In the first method, denote maskedbyMult by A, and let N = the number of elements that are not nan, which in this case is 200*100 - 625. Then
mean(mean(A),'omitnan') is not equal to sum(sum(A),'omitnan')/N which is what you want.
for example,
a = magic(3);
a(1,2) = nan
a =
8 NaN 6
3 5 7
4 9 2
mean(mean(a,'omitnan'))
ans = 5.6667
sum(sum(a,'omitnan'))/8
ans = 5.5000
After those changes both methods agree, and both agree with
bigMatMask = repmat(mask,1,1,10).*bigMatrix;
mean3 = squeeze(sum(sum(bigMatMask,2,'omitnan'),1)/(200*100-625))

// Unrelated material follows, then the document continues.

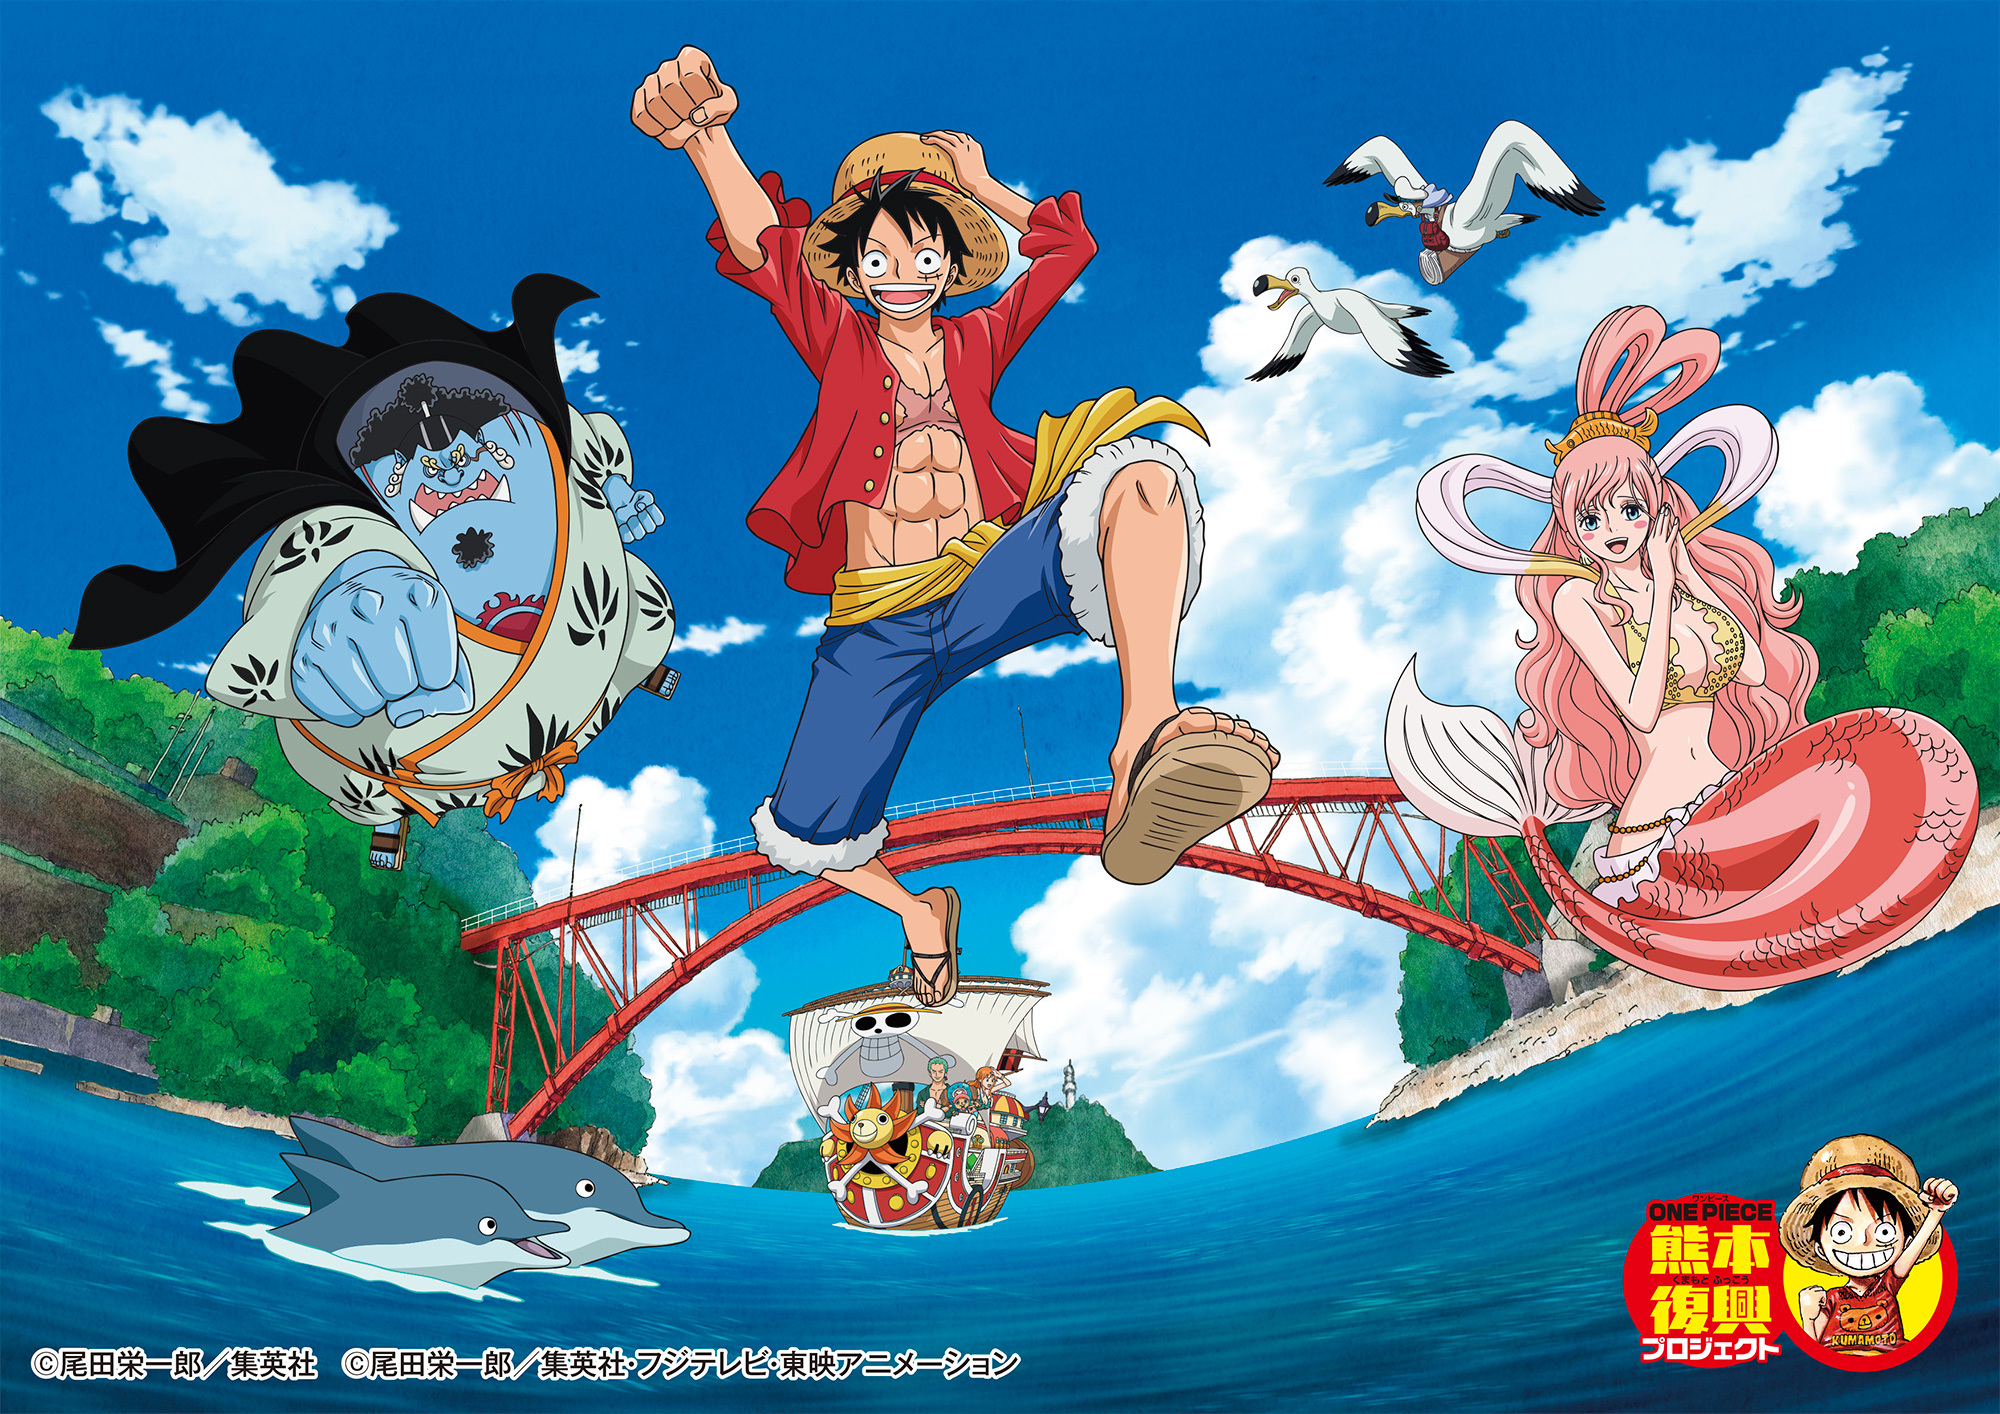 One Piece熊本復興プロジェクト 上天草市 とことん楽 たの Sea観光スタンプラリー の開催 上天草市のプレスリリース

% if you have a newer version of Matlab with explicit expansion,
% the first line can be bigMatMask = mask.*bigMatrix;
  3 comentarios
David Goodmanson
David Goodmanson el 23 de Oct. de 2017
nice to see the code comparison.
mean(mean( )) of course does work out in lots of cases such as rectangular matrices without any nans.
By the way I meant to say implicit expansion, not explicit expansion.
KAE
KAE el 23 de Oct. de 2017
If someone wants to do another operation besides mean on a masked matrix, here is an example using median,
% Reshape matrix into [spatial dimension x channel]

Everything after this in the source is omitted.